Она так же замечала закономерности, умела распутать даже сложные переплетения нарисованных лабиринтов и перепутанные ленточки или шнурки. Любовалась красотой геометрических рисунков. Им даже Кандинский нравился одинаково остро. Егору в разные годы разные его полотна, а Вероника потребовала повесить над кроватью репродукцию «Кругов в круге».
Егор незримо присутствовал в жизни дочки. Мне захотелось порадоваться вместе с ним. Пусть он предал меня, пусть причинил много боли. Но сейчас, в этой стерильной переговорной, мы собрались впервые. Вероничкина семья. Мать и отец. Такие простые и такие сложносоставные люди. Ведь если бы Егор не изменил мне с Аликой, мы могли бы жить счастливо.
Мне захотелось поделиться с Егором теплом и радостью прожитых с его дочерью лет. Её талантами и добротой, красотой и наивностью. С улыбкой я подняла на бывшего глаза и вздрогнула от ненависти, в его взгляде. Лютой, неприкрытой, безжалостной.
А ещё от боли. Такой же невыносимой. Словно мы заставляли Егора страдать одним только своим присутствием. Выкручивали ему руки и сдирали кожу. Складывалось впечатление, что это он согласился на невыносимые условия, чтобы спасти ребёнка, а не я. Словно он сейчас шёл по битым стёклам.
Ему было невыносимо сидеть в этой комнате и смотреть на нас. Я почувствовала, что моя боль и страх за Веронику были сравнимы с его ощущениями. Егору было настолько плохо, что это он, а не я, которой предстояло выкупать жизнь собственного ребёнка, готов прекратить пытку любой ценой.

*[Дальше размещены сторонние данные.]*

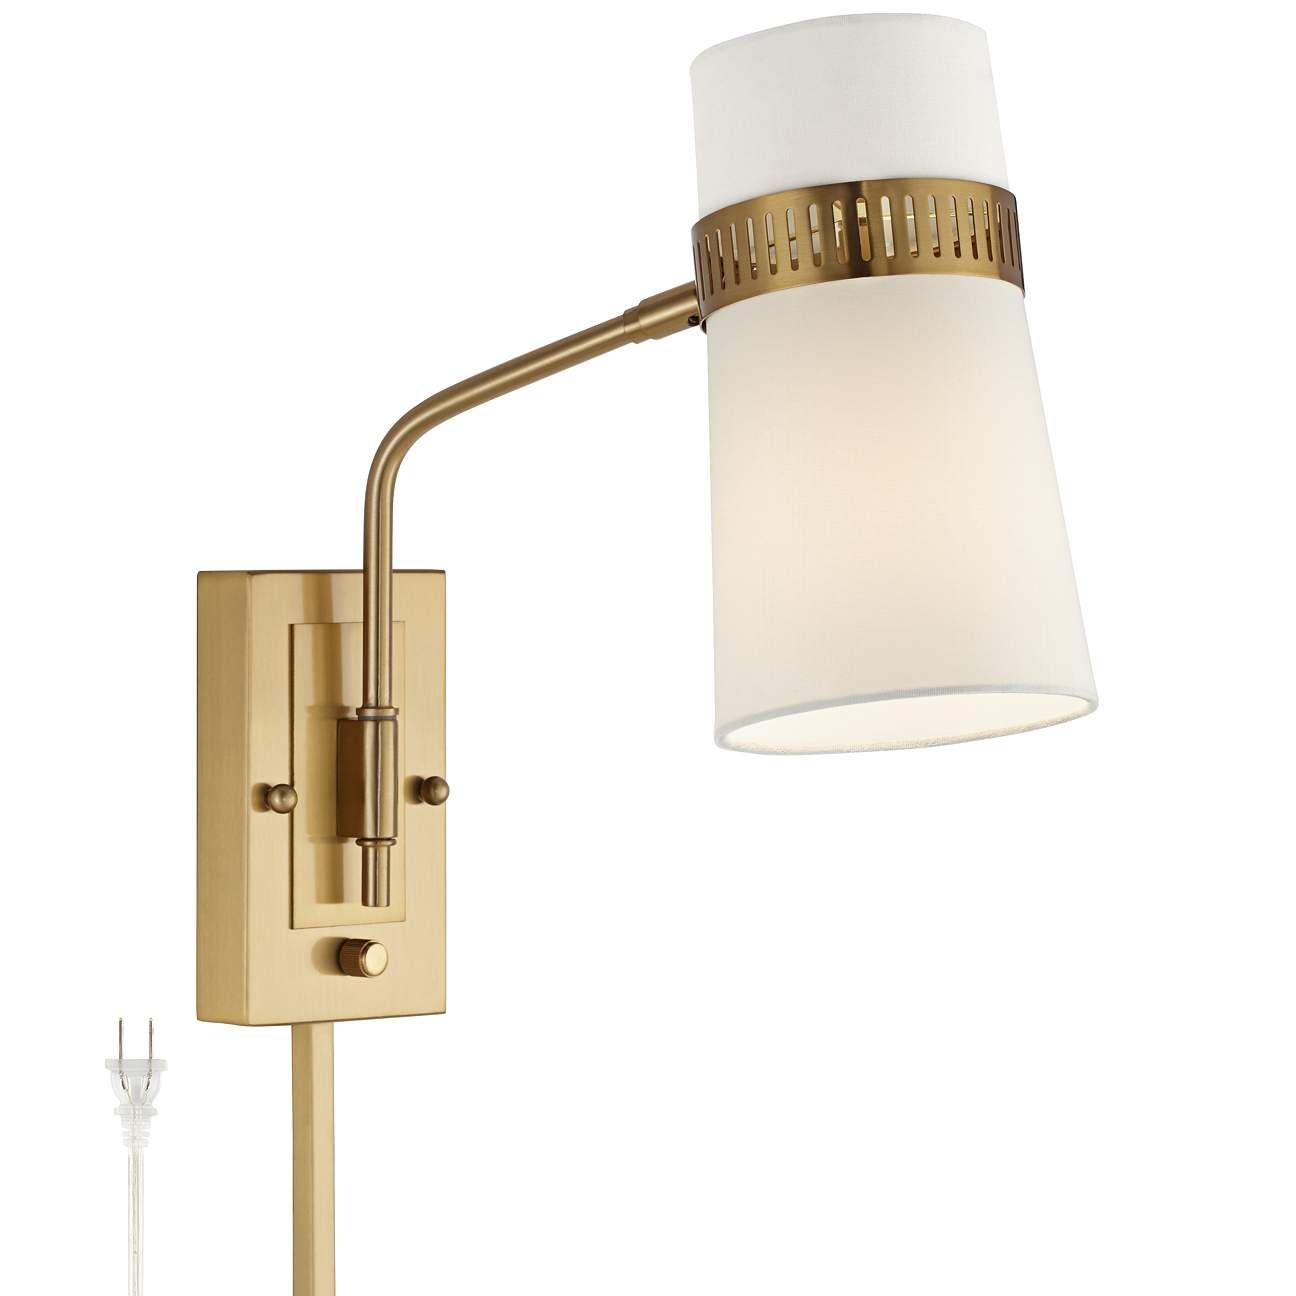 Possini Euro Cartwright Antique Brass Plug-In Wall Lamp with Cord Cover | Lamps Plus

Ещё секунда, и он бы аннулировал нашу договорённость. У меня похолодели руки от предчувствия беды. Но он не успел ничего сделать. В переговорную вошла мама. Он буквально висела на локте Петра Петровича, а увидев Егора кинулась к нему.

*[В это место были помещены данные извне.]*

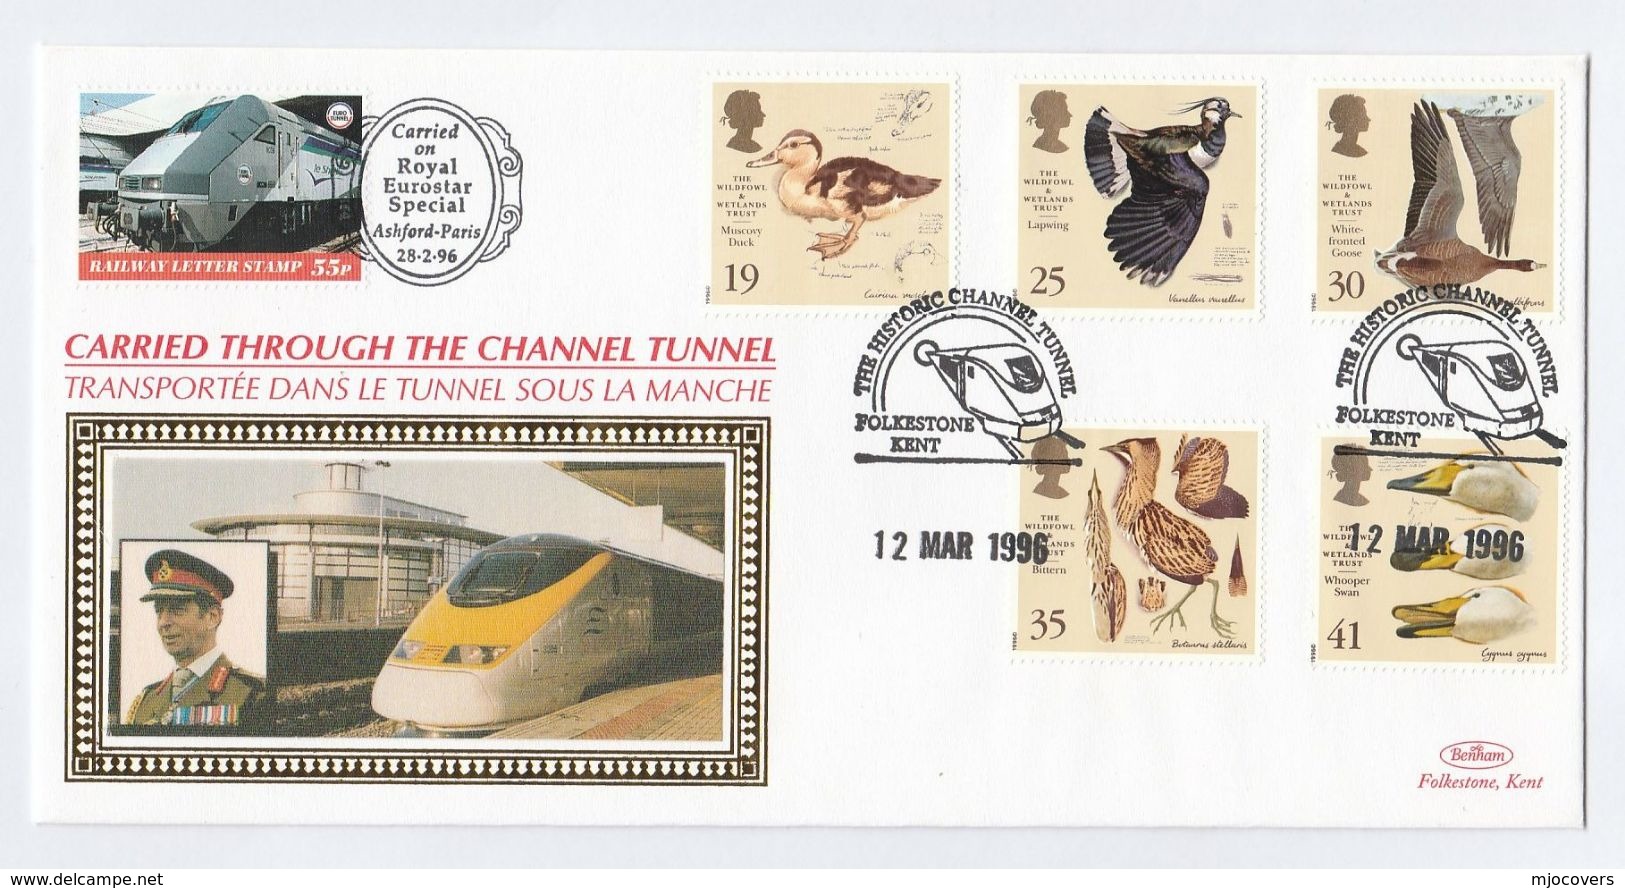 1996 FDC BIRDS - CARRIED On CHANNEL TUNNEL TRAIN GB To France Railway Stamps Cover Duck Swan Bittern Goose Lapwing Bird - Cygnes

– Боже мой! Как хорошо, что вы помирились с Дашенькой! Егор! Ты нас спас! Страшно подумать, что бы с нами сделали!
Морозов едва успел вскочить на ноги, как мама повисла у него на шее с рыданиями. Она причитала и плакала, плакала и причитала. Егор словно очнулся от своей боли, переключился на мамину. Старался успокоить. Говорил, что всё будет хорошо.
– Нина Викторовна, ничего страшного не произошло. Просто недоразумение. Теперь всё наладится. Надо просто немного отдохнуть.
Мама, моментально перестав плакать отстранилась от Морозова, заглядывая ему в глаза.
– Да! Это правильно! Отличная идея! Поезжайте в Эмираты семьёй!
Егор зажмурился, словно ему в лицо плеснули водой. Мама спохватившись затараторила снова.
– Ой, Егор, это был сюрприз, да? Ты сам хотел сказать Даше, что вы едете в Эмираты? Я не хотела мешать, просто так за вас рада, так рада! Вы помирились, это так здорово! Теперь съедетесь, будете жить семьёй. Да и в Эмиратах, говорят, очень хорошо! Вам это очень, очень нужно!
Именно упоминание ОАЭ вернуло Морозова в действительность. На его лице снова появилось непроницаемая маска бизнесмена, для которого нет ничего невозможного. Он, словно стряхнув с себя тяжесть и боль нашего общения уверенно кивнул головой.
– Вы правы, Нина Викторовна. Надо ехать в Эмираты. Спасибо вам за поддержку. – И уже мне, предупреждая взглядом, чтобы не наделала глупостей. – Даша, поехали домой. Я вас забираю.